SDRL - Successful Completion of Consent Solicitation for Proposed Amendments to 12.0% Senior Secured Notes due 2025

Hamilton, Bermuda, March 11, 2019 - Seadrill Limited (the "Company") announces

the successful completion of the consent solicitation process to amend certain

terms of the indenture and the escrow agreement related to its 12.0% Senior

Secured Notes due 2025 (the "Notes"). The consent solicitation expired at 5:00

p.m., New York City time, on March 8, 2019.  Approximately 89% in aggregate

principal amount of the Notes consented to the proposed amendments and a consent

fee totaling c.$1.7 million was paid to consenting noteholders.

The company has entered into a supplemental indenture and amended escrow

agreement related to the Notes.  The amendments will become effective upon the

successful completion of a c.$340 million tender offer for the Notes, if

completed by April 30, 2019. The main amendments are as follows:

* Asset sale proceeds remaining after a mandatory asset sale repurchase offer

can be used for open market purchases of the Notes.

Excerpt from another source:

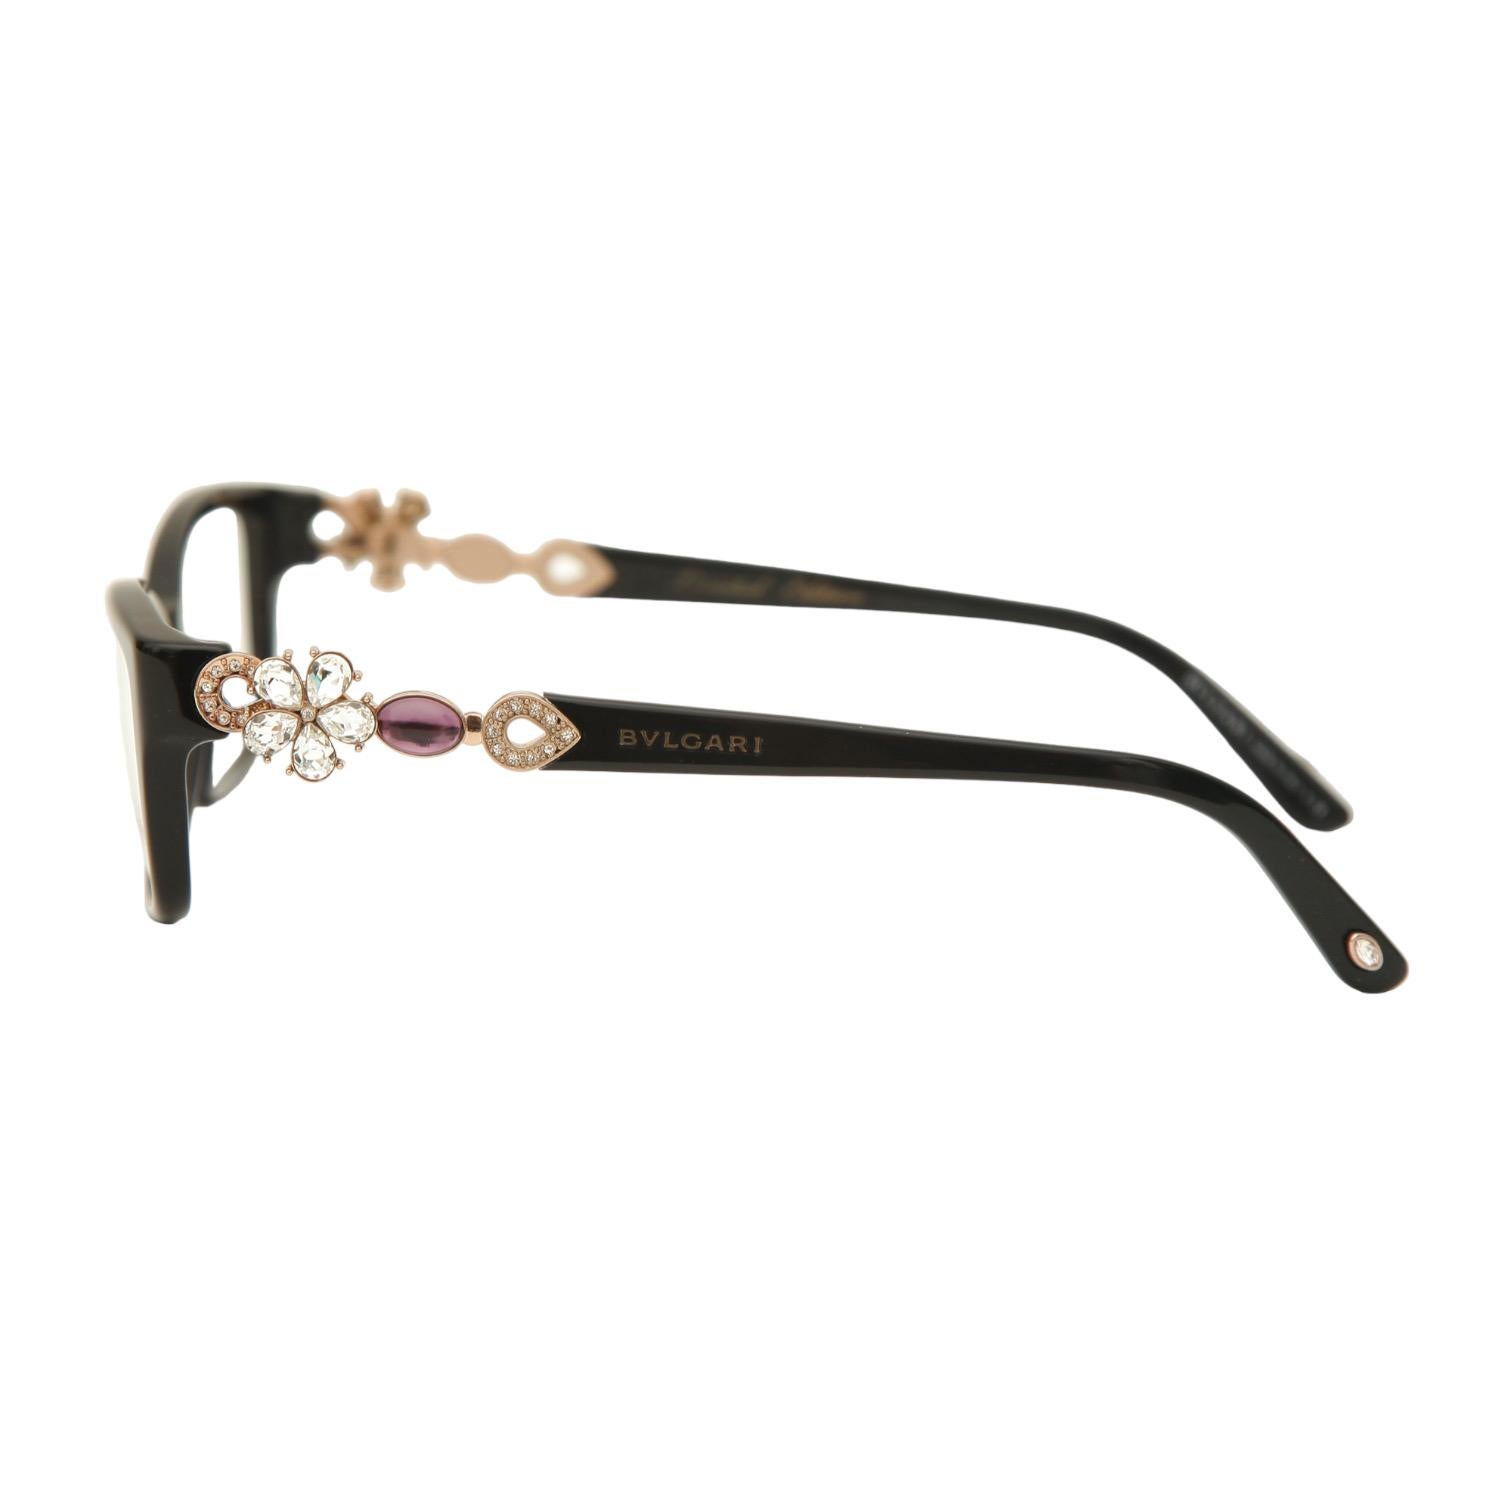 bvlgari glasses frames with crystals

* c.$340 million currently held as security for the Notes can be used to fund

a tender offer for the Notes at a price of 107 plus accrued and unpaid

interest and related fees and expenses.

* The subordinated capital redemption provision can be used to redeem all of

the Notes.

* Unrestricted cash not provided as security for the Notes can be used to

redeem the Notes using the subordinated capital redemption provision with

the consent of the relevant parties to the secured credit facilities.

* The requirement for obtaining a public rating on the Notes has been

eliminated.

This press release does not constitute an offer to sell, or a solicitation of an

offer to buy, any security.  No offer, solicitation, or sale will be made in any

jurisdiction in which such an offer, solicitation, or sale would be unlawful.

FORWARD LOOKING STATEMENTS

This news release includes forward looking statements. Such statements are

generally not historical in nature, and specifically include statements about

the Company's plans, strategies, business prospects, changes and trends in its

business and the markets in which it operates. These statements are made based

upon management's current plans, expectations, assumptions and beliefs

concerning future events impacting the Company and therefore involve a number of

risks, uncertainties and assumptions that could cause actual results to differ

materially from those expressed or implied in the forward-looking statements,

which speak only as of the date of this news release. Consequently, no forward-

looking statement can be guaranteed. When considering these forward-looking

statements, you should keep in mind the risks described from time to time in the

Company's filings with the Securities and Exchange Commission, including its

2017 Annual Report on Form 20-F (File No. 001-34667) and its Registration

Statement on Form F-1 (Registration No. 333-224459). The Company undertakes no

obligation to update any forward looking statements to reflect events or

circumstances after the date on which such statement is made or to reflect the

occurrence of unanticipated events. New factors emerge from time to time, and it

is not possible for the Company to predict all of these factors. Further, the

Company cannot assess the impact of each such factor on its business or the

extent to which any factor, or combination of factors, may cause actual results

to be materially different from those contained in any forward looking

statement.

This information is subject of the disclosure requirements pursuant to section

5-12 of the Norwegian Securities Trading Act.